Gerry Driscoll of Driscoll Custom Boats in San Diego, who is supervising the remodeling of Columbia for the 1967 America's Cup campaign, recently received the following letter from Alberto J. Quayat of Rye, N.Y.:
"I read...that you are replanking the afterbody of Columbia. This boat has a sentimental value to many of us. Would it be possible to pick up some scrap pieces from the pile, ‚Öû inch and over in thickness, any length, and mail them to me by parcel post?"
To facilitate the reply, Quayat enclosed a checklist, and asked Driscoll to indicate the appropriate items.
"Dear Mr. Quayat:
1. You must be a nut.
2. We haven't got the time.
3. The wood removed is mixed with other scrap and cannot be tracked down.
4. So sorry, old boy.
5. We have some pieces, random size.
6. We can ship them to you by parcel post.
7. Please send check for....
8. We hope you realize that the time this will take is not quite covered by your check, but we are willing to do it because Columbia means so much to you guys out there.
9. Please do not bother us again with things of this nature."
Driscoll sent Quayat a sizable piece of the stern section and advises that filling this order has exhausted the stock of the Columbia Souvenir Shoppe. He did not return Quayat's questionnaire, however. He's keeping it as a souvenir.
THEORY OF RELATIVITY
For the past two seasons the New York Jets have wondered how much Tackle Sherman Plunkett really weighed. He was carried on the program as 300, but that was because the Jets' scale only registered to 300. This year the Jets have a new scale that goes up to 350, and when Plunkett first stood on it he weighed 325. Last week he was down to his old program weight, but Coach Weeb Ewbank was after him to make 295.

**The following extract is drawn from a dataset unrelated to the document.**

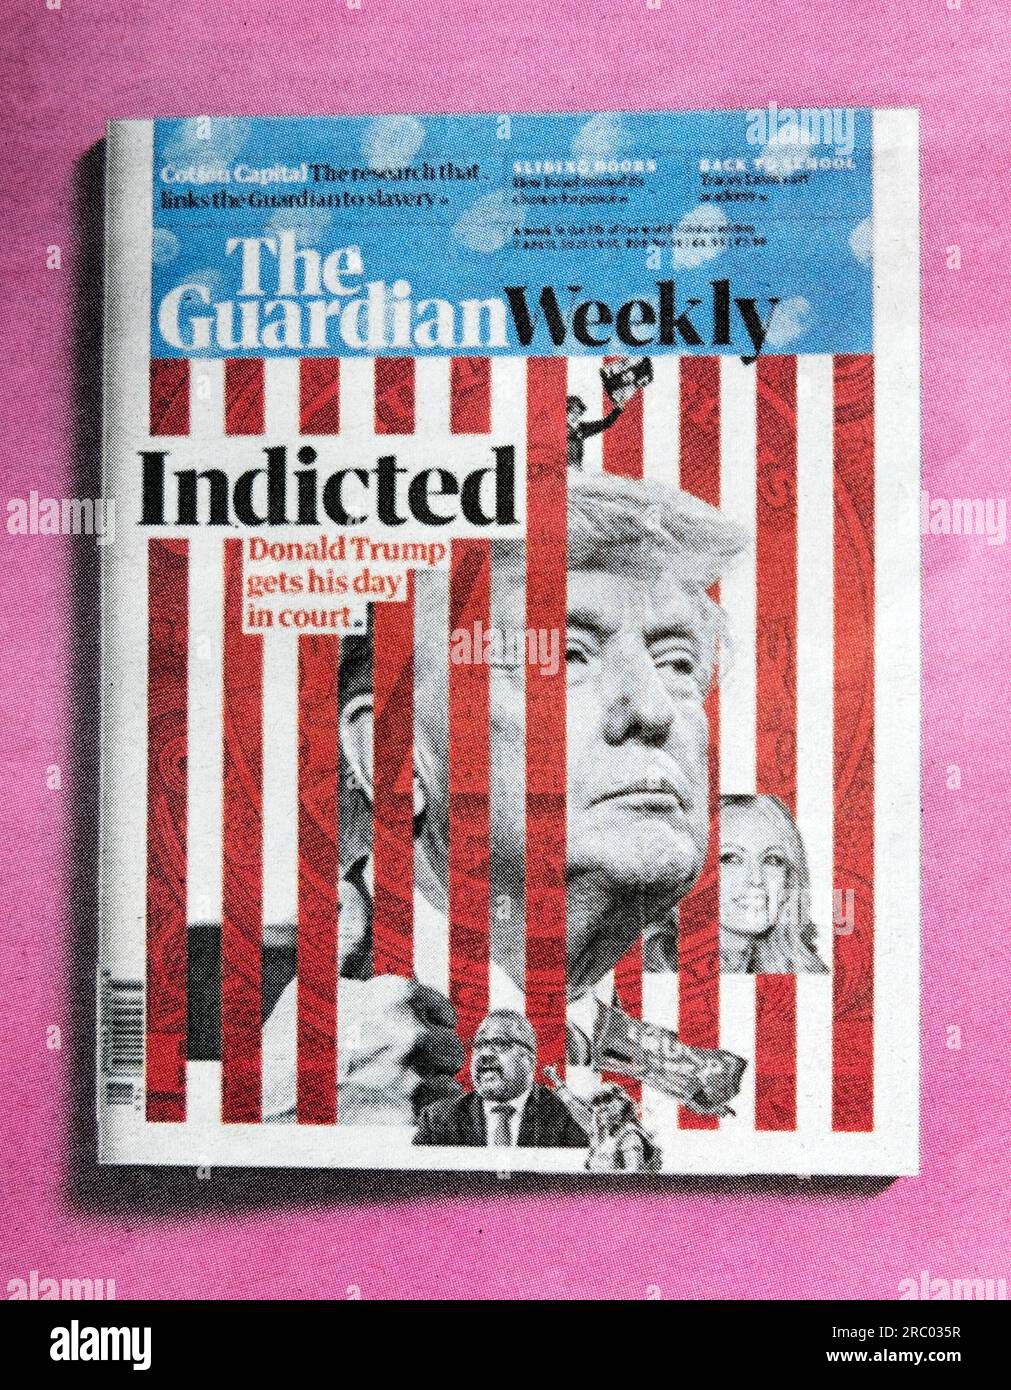 Former President Donald Trump 'Indicted' 'gets his day in court Guardian Weekly US politics front cover 7 April 2023 edition London England UK Stock Photo

To Plunkett this is unreasonable. "I think everything's sort of relative," he says. "You take a guy who's supposed to weigh 185. If he weighs 190, nobody says he's fat."
THEY SAID IT
•Ron Mix, San Diego Charger tackle, who claims he recites the Offensive Lineman's Prayer before each game: "May this unknown fellow across from me be skinny, slow, weak, stupid and love football but hate body contact."
•Sam Snead: "If a lot of people gripped a knife and fork like they do a golf club, they'd starve to death."
•David Brower, executive director of the Sierra Club, opposing proposed dams in the Grand Canyon, which, their adherents claim, would create artificial lakes so sightseers could more closely approach the canyon's walls: "Should we flood the Sistine Chapel so tourists can float nearer the ceiling?"